The human genome defines us as people and conditions the probability of us suffering certain diseases in the future. Determining which genes are responsible allows us to improve our health
Cancer is the second leading cause of death worldwide. Gastrointestinal neoplasms, such as colorectal cancer and gastric cancer, are common tumours. An important number of these cancers are due to alterations of genes, which will be transmitted down generation after generation within the same family.
It is necessary to determine what these genes are, how they work, and whether their alteration predisposes people to cancer. This will improve knowledge of these diseases, permit the identification of people at risk and enable strategies to be designed for personalised prevention and treatment.
The group works to identify alterations of the human genome that are relevant to hereditary predisposition towards suffering gastrointestinal neoplasms. To determine them, we use genetic association studies, in which the group compares the genomes of patients and those of healthy controls, along with mass sequencing studies to decode the genome.
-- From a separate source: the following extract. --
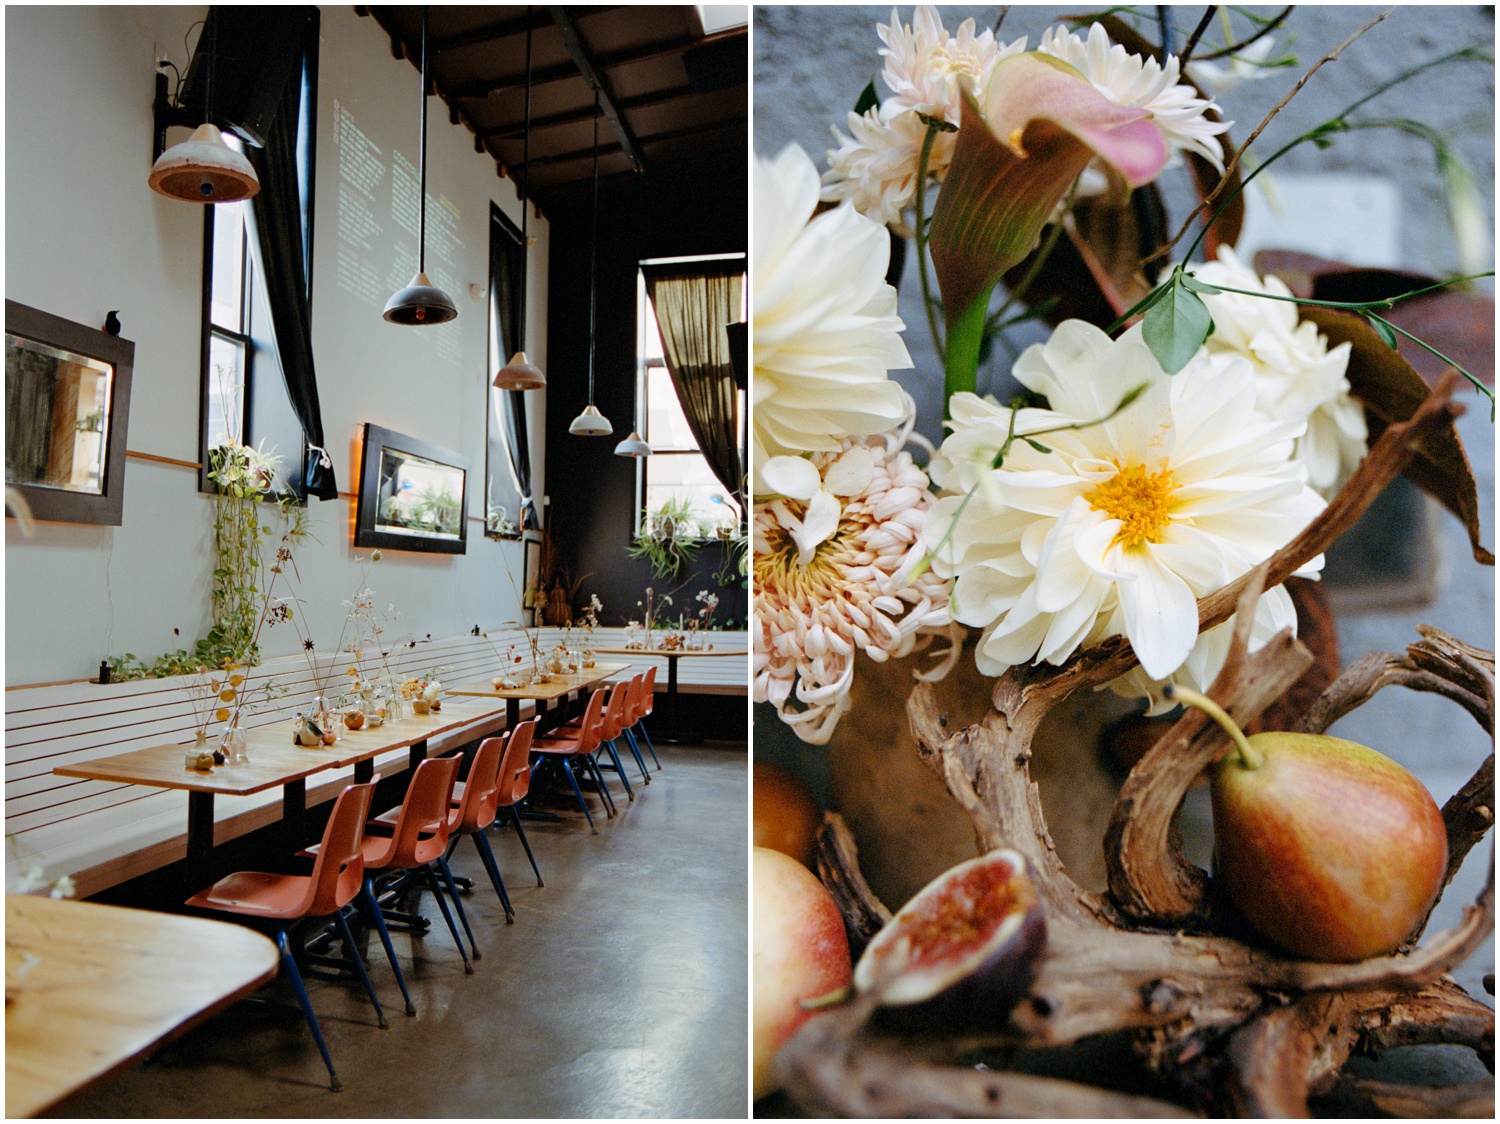 Martha Philadelphia's charming restaurant featuring flower arrangements by Bird Seed Florals.

To verify the effect of genetic alterations, it uses molecular and cellular biology tools such as gene editing using the CRISPR system and the growth of organoids, three-dimensional structures that allow it to recreate gastrointestinal tissue in the laboratory.
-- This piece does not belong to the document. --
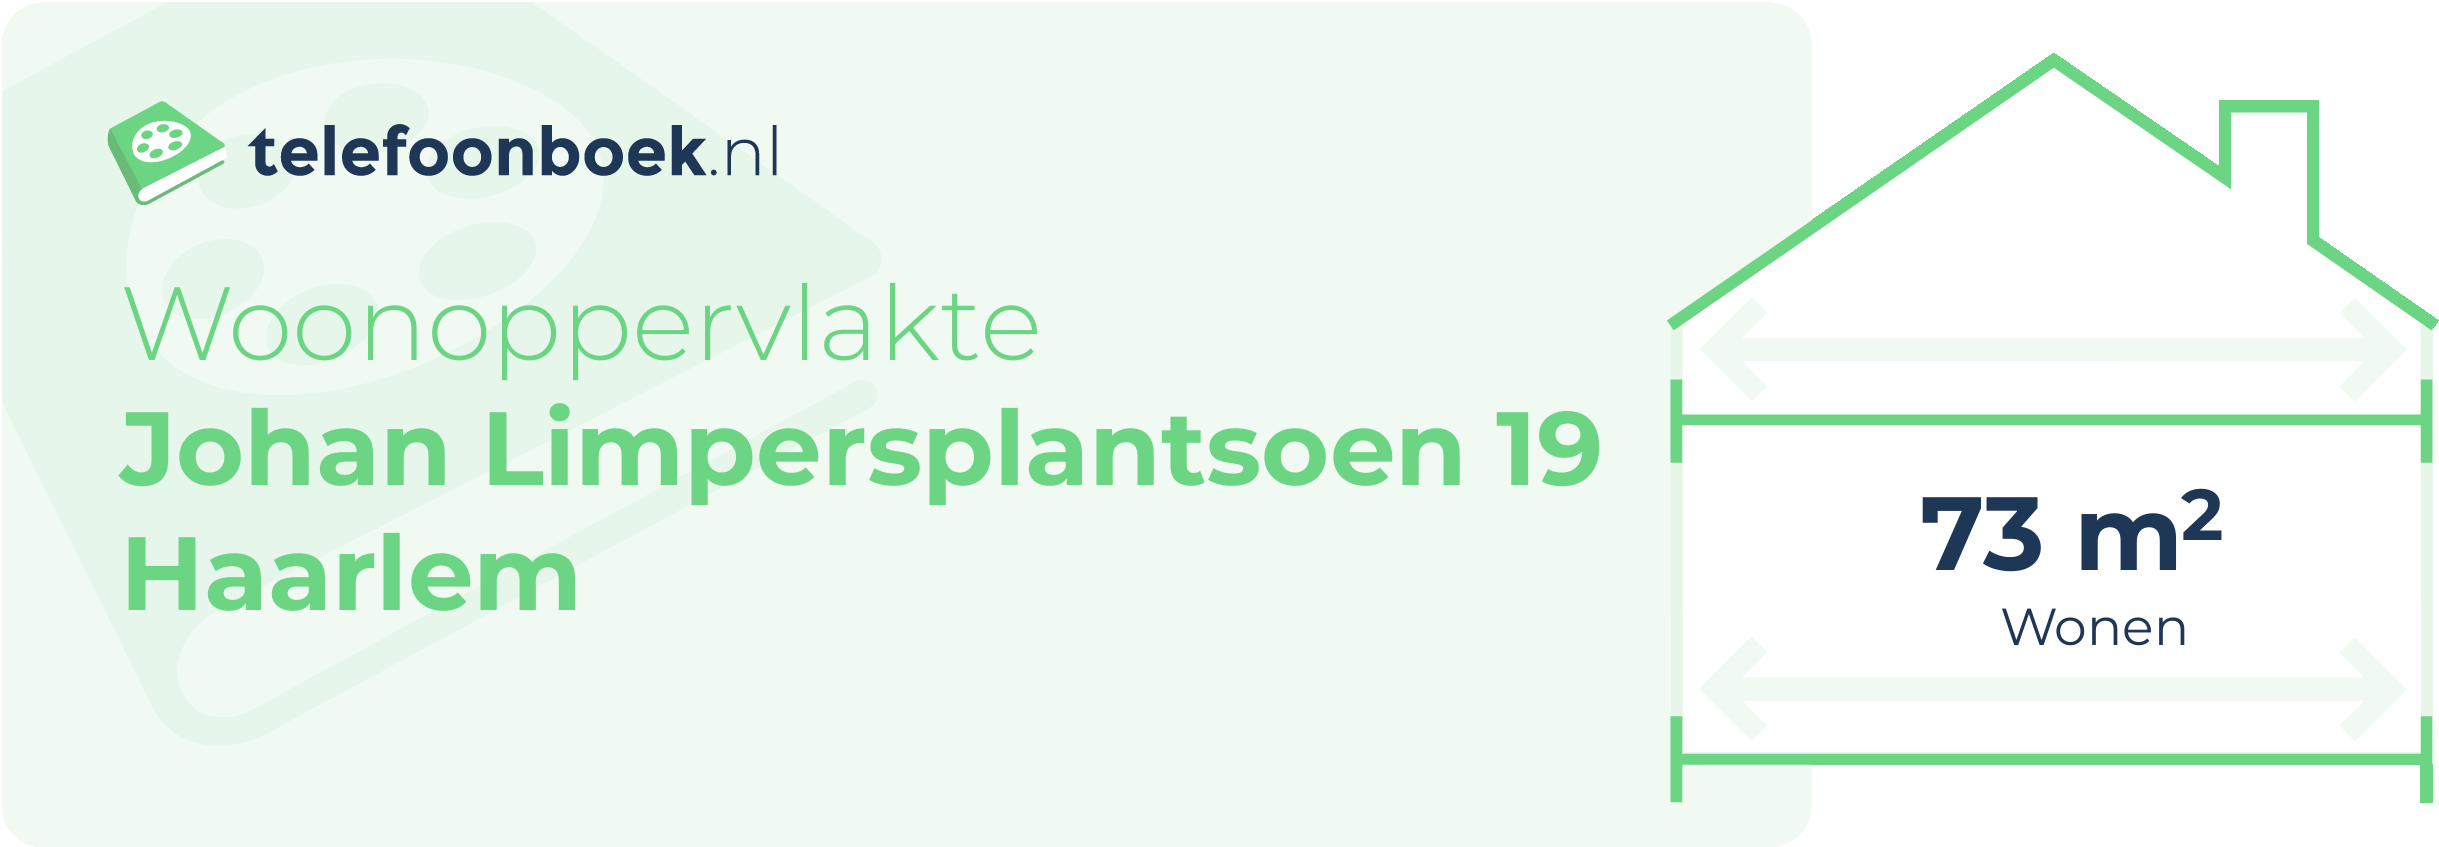 Woonoppervlakte Johan Limpersplantsoen 19 Haarlem

The group’s research identifies new genes and genetic variants involved in hereditary predisposition to gastrointestinal cancer. It has been able to identify new variants thanks to the results obtained in genetic association studies and in international collaboration.
Sequencing studies have identified significant candidates, and the group is applying functional studies to corroborate their implications for predisposition towards cancer. The group wants to use these new genetic variants to improve the clinical management of patients and to develop customised follow-up and treatment.